KF: I wrote this book for people like me. When I first visited Doneraile Court back in 2006, I would have bought a book about The Lady Freemason on the spot. But there wasn’t anything like it. So I wrote it myself. When I travel, love reading historical fiction that takes place where I’m vacationing. Doneraile Court is now one of the top tourist attractions in County Cork, Ireland. I bet there are a lot of people who wonder why her own father would ever consider killing his own child. I hope this book clears up some of that mystery.


To order this book, click here.


TIR: While doing research on your family’s history, did you discover any other stories you might wish to tell someday?

KF: Yes! So many! My great-grandfather, Francis Cunnane, was an early member of the IRA. He was a Roscommon volunteer who spent years “on the run,” as they said, hiding from the British and carrying out ambushes. His parents’ house was burned down by the Black and Tans and word is Frank killed 18 Englishmen, which earned him a price on his head!


There’s also another story about a murdering bank robber who hid the money at his mother’s grave and died in the electric chair! And an Aldworth who died on the Titanic. He was the chauffeur of the only car in the ship’s cargo hold.

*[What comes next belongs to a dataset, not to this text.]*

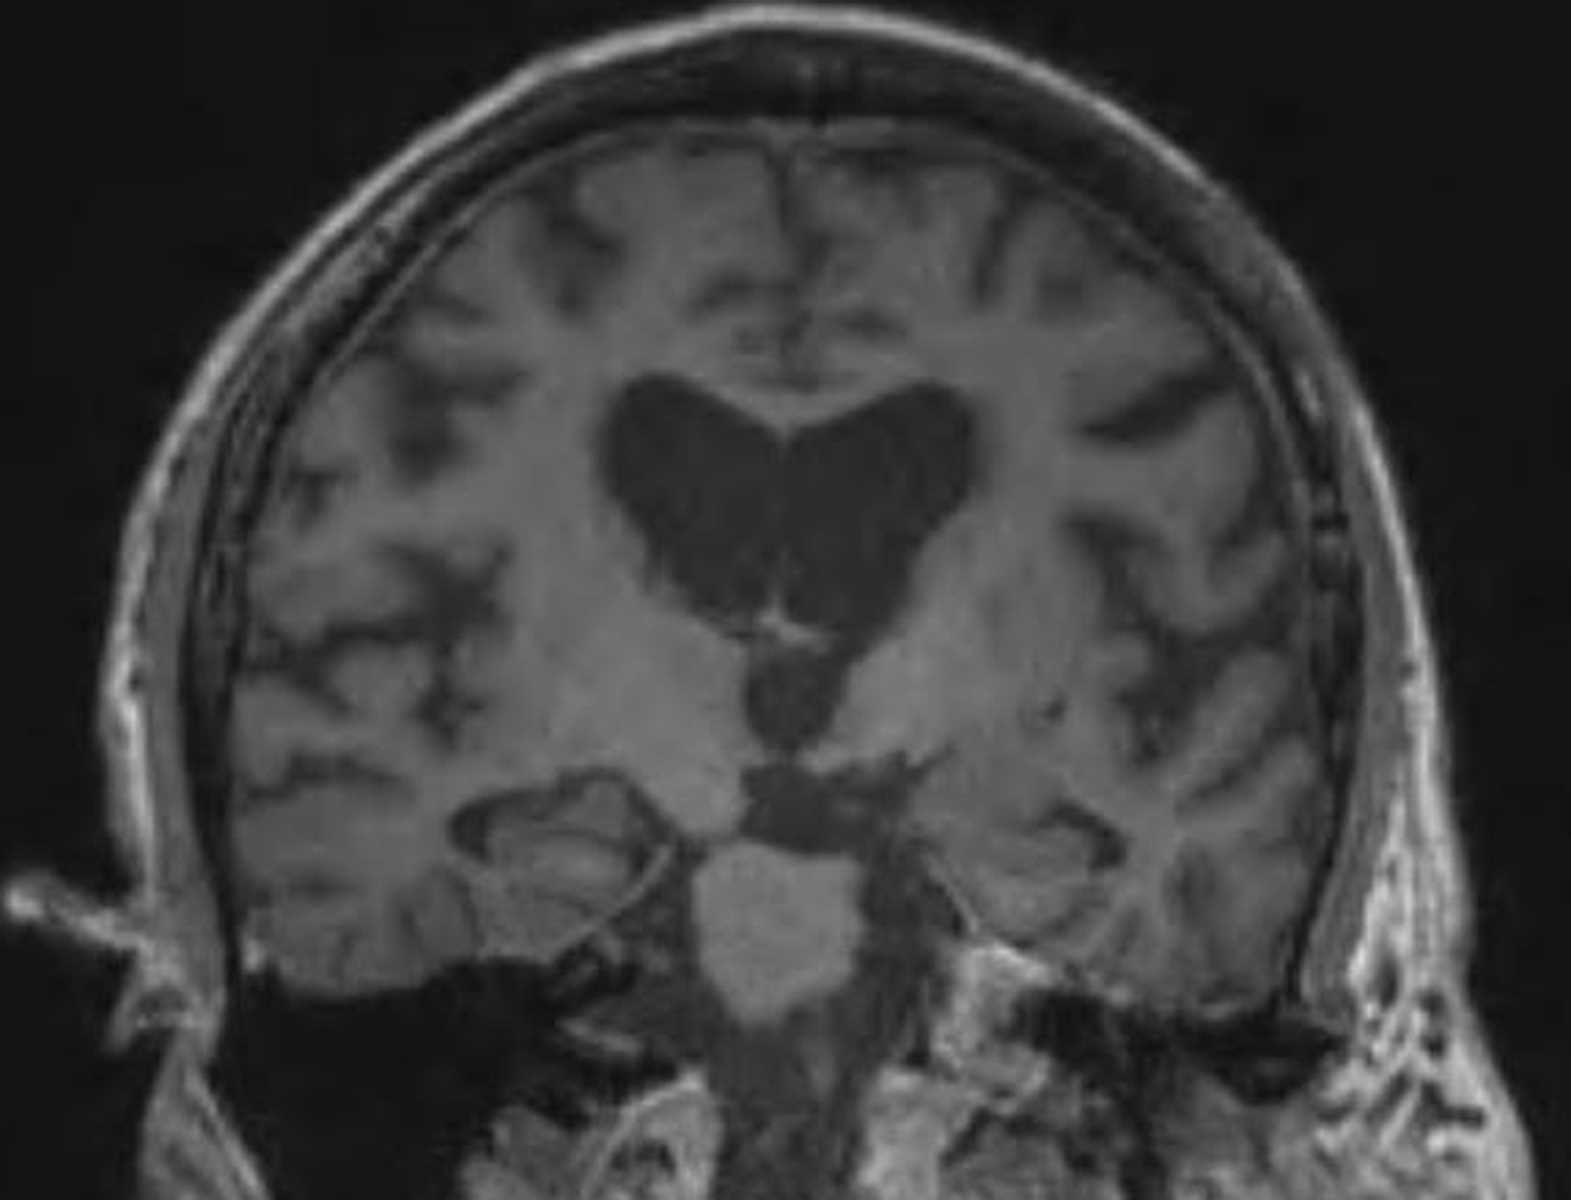 Mesial Temporal Sclerosis - CTisus CT Scan

The Lady Freemason in her full masonic regalia.

But first - I’d consider continuing with a series on The Lady Freemason. She earns her Entered Apprentice degree in Doneraile Court. Subsequent fictional novels could follow her journey to becoming a Master Mason. She died in 1775, right before our Declaration of Independence. So I’m thinking she could share some of her knowledge with our Founding Fathers, including cousin Elbridge Gerry!